Last night the program aired a tweet from an account that had as its handle an offensive reference to the PM.
The blunder prompted ABC managing director Mark Scott to send a personal apology via text message to Mr Abbott, saying he regretted any offence caused.
On Tuesday morning, Mr Abbott said he had not yet responded to the message, but hoped the ABC would begin to make the changes it promised after allowing a former terrorism suspect and convicted criminal into the live studio audience in May.
“I haven’t had a chance to respond to the text message that I had, because it’s been a very busy morning,” he said.
“I just hope that the ABC management get on and do what they said they were going to do with that program.
“I think it is a bit out of control and I think it’s important for the ABC not just to talk about tighter management structures, tighter management control on that particular program, but actually do it.

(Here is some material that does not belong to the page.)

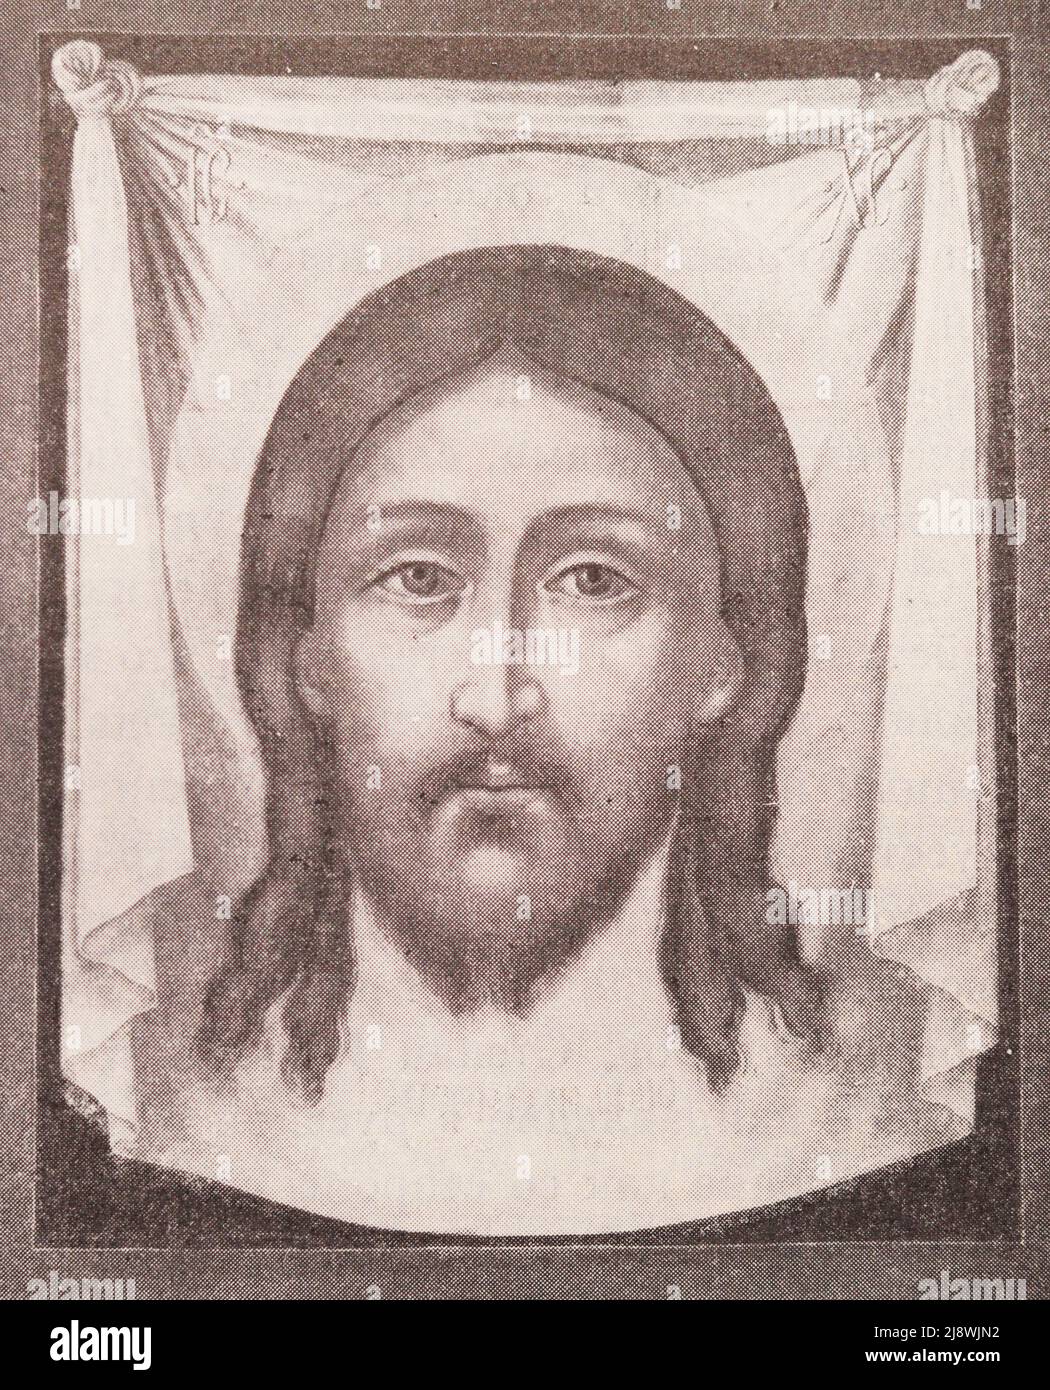 Icono 'Salvador no hecho por las manos' de Simon Ushakov. Foto de finales del siglo 19th. Foto de stock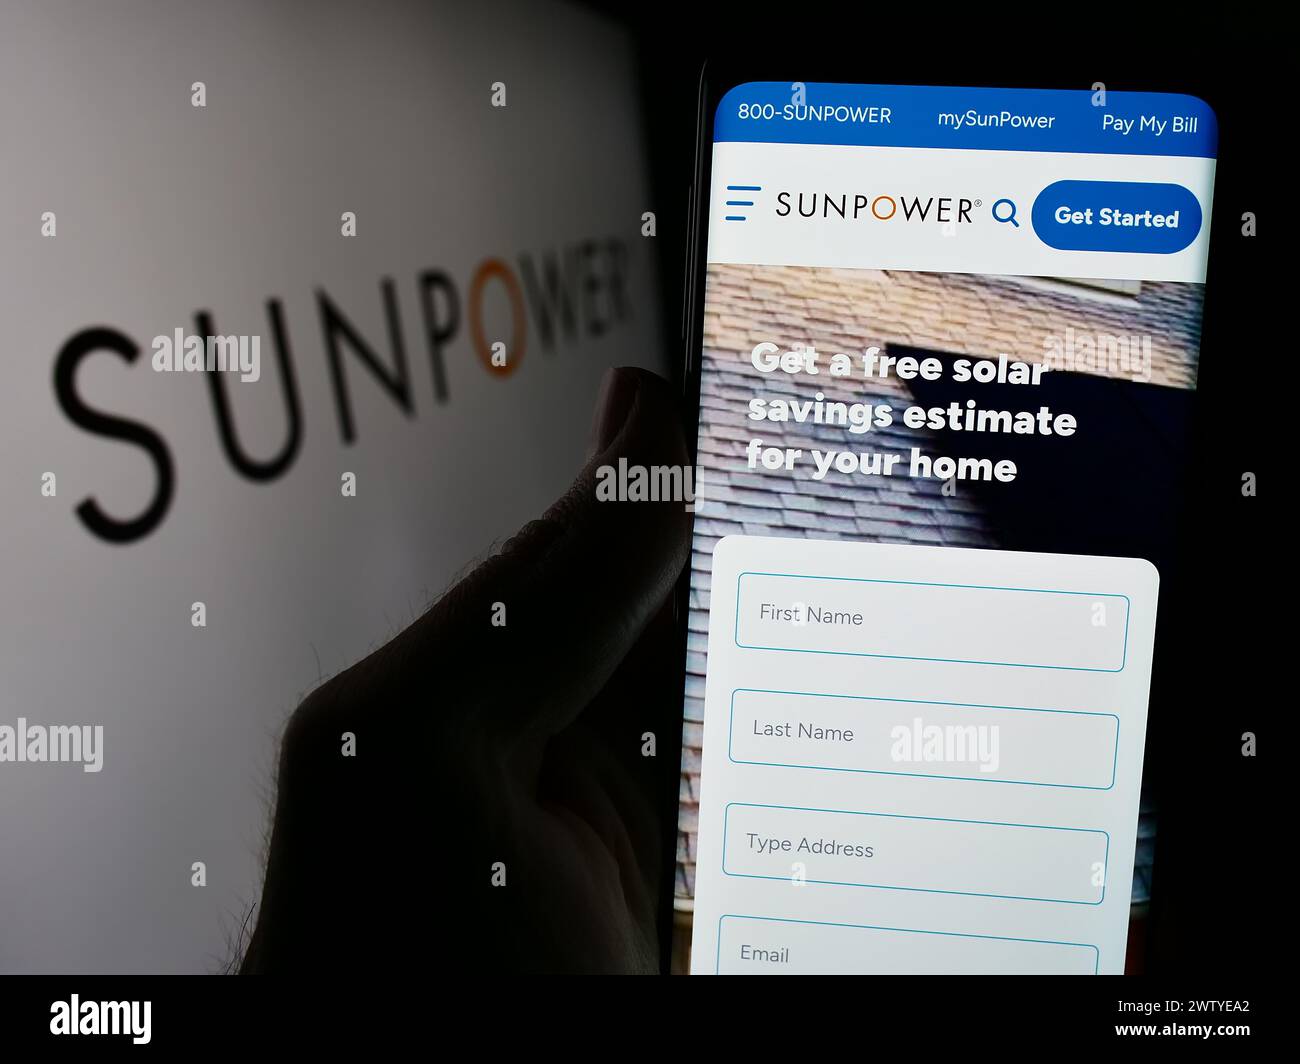 Persona que sostiene el teléfono celular con la página web de la compañía fotovoltaica estadounidense SunPower Corporation frente al logotipo. Enfoque en el centro de la pantalla del teléfono. Foto de stock

As the program aired on Monday night, New South Wales MP Fiona Scott tweeted: “What a disgraceful Twitter handle for @QandA to broadcast!”
Communications Minister Malcolm Turnbull personally phoned Mr Scott to complain and demand an apology.
“In what felt like a Groundhog Day moment yet again in the early hours of Tuesday, I spoke with Mark Scott about another unedifying incident at QandA,” a statement from Mr Turnbull’s office said.
“The tweet should obviously never have been put on the screen and the fact that it was underlines the need for better supervision of the program.
“I am assured by Mr Scott the offensive tweet will not appear in the replays of the program.
“The ABC should apologise to the Prime Minister and its viewers.”
Q&A‘s use of tweets is currently being examined as part of an audit of the program being led by television broadcasters Ray Martin and Shaun Brown.
The program dominated news earlier this year when it allowed former terrorism suspect Zaky Mallah into the audience to ask a question of the panel.
It prompted Mr Abbott to order his ministers to boycott Q&A until the program was moved into the ABC’s News and Current Affairs division, which the broadcaster has agreed to.